Experiment Preferences jobs-apply

Gemini Flash vision can analyze ATS page screenshots to extract form structure and job details without DOM parsing

aivisionatscareer
Hypothesis

Gemini Flash vision can analyze ATS page screenshots to extract form structure and job details without DOM parsing

Result: confirmed
Key Findings

Vision approach worked for page understanding but was eventually replaced by DOM-based extraction for form filling. Vision remained useful for fallback analysis of non-standard ATS layouts.
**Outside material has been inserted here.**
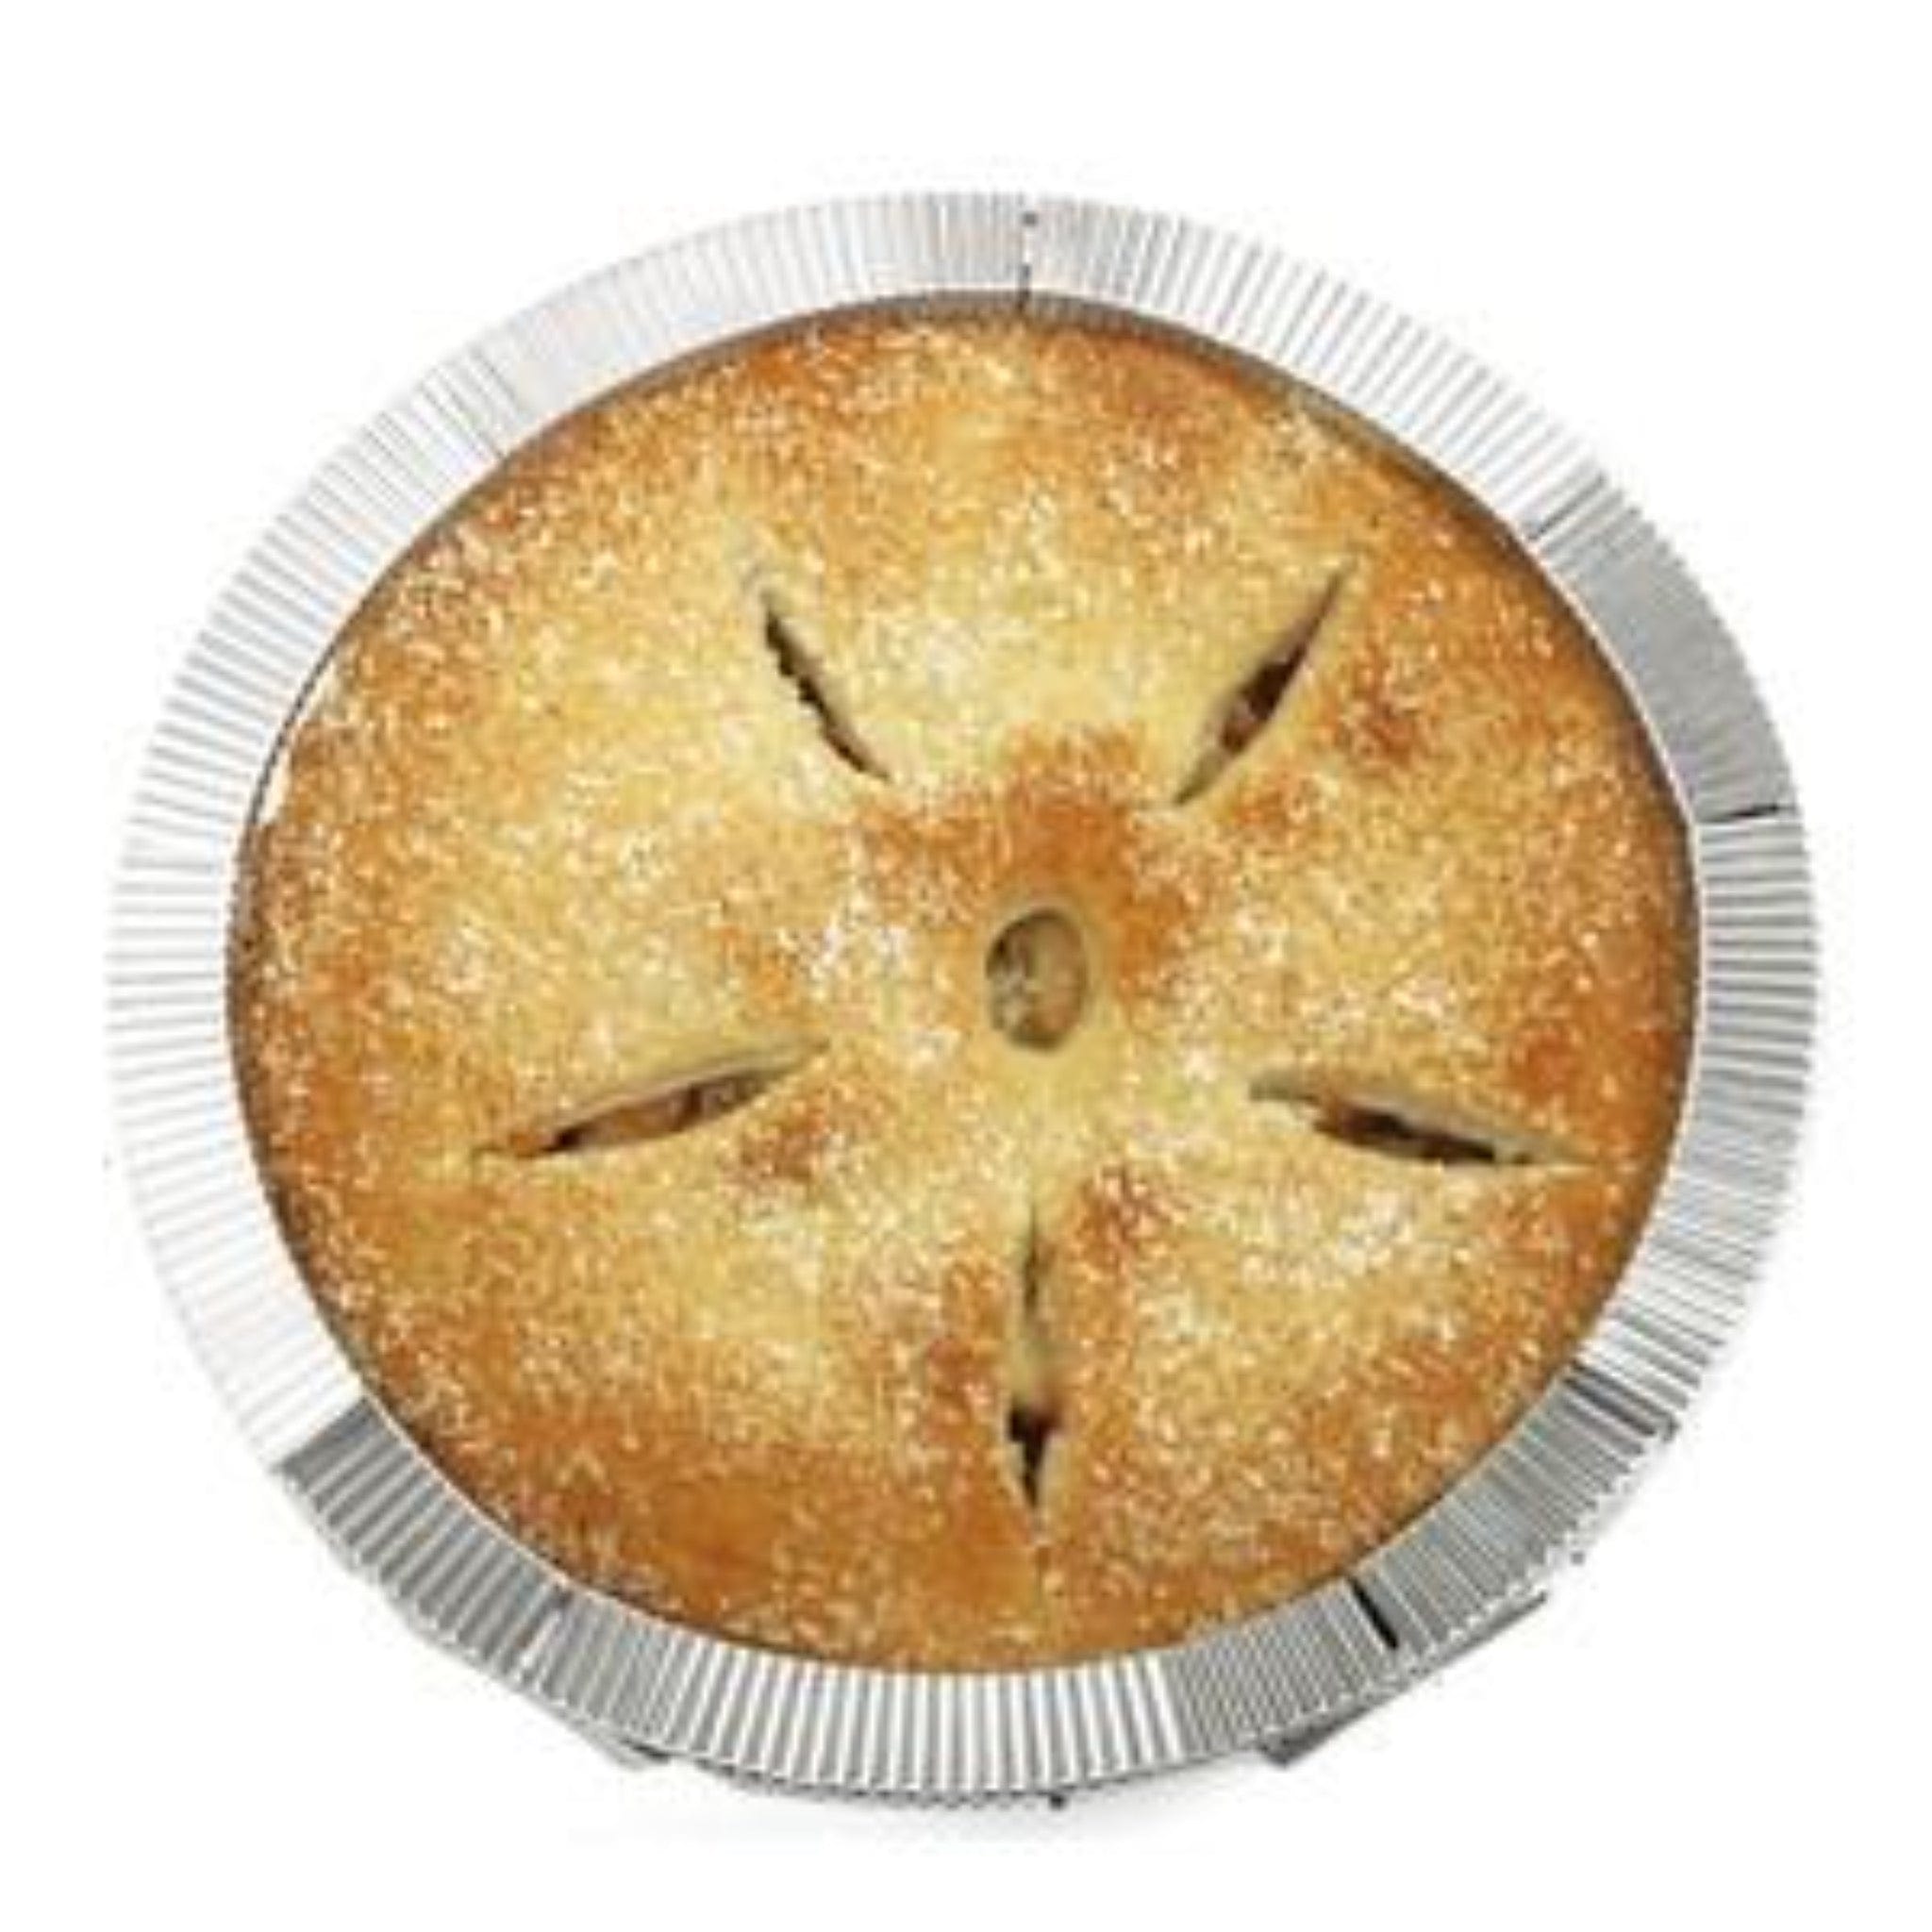 Norpro Pie Crust Shields- 5 pc. set

The OpenRouter provider with vision support became the standard AI integration pattern.

Changelog

DateSummary
2026-04-07Created during temporal gap audit
2026-02-26Original experiment

Hypothesis

Gemini Flash vision can analyze screenshots of ATS (Applicant Tracking System) pages to extract form structure and job details, bypassing the need for DOM parsing of complex, diverse ATS implementations.

Method

Built OpenRouter provider with vision support. The test-hunt.ts script ran the first end-to-end pipeline: discover jobs via LinkedIn, navigate to ATS pages, take screenshots, feed to Gemini Flash for page analysis, then AI-match extracted job details against a candidate profile.

Results

Vision approach worked for understanding page layouts and extracting job details. However, for interactive form filling, DOM-based extraction proved more reliable. Vision remained as a fallback for non-standard layouts that resist DOM parsing.

What Carried Forward

The OpenRouter provider with multi-modal support (text + vision) became the standard AI integration pattern in jobs-apply. The test-hunt.ts pipeline structure : discover, navigate, analyze, match : became the engine’s core loop.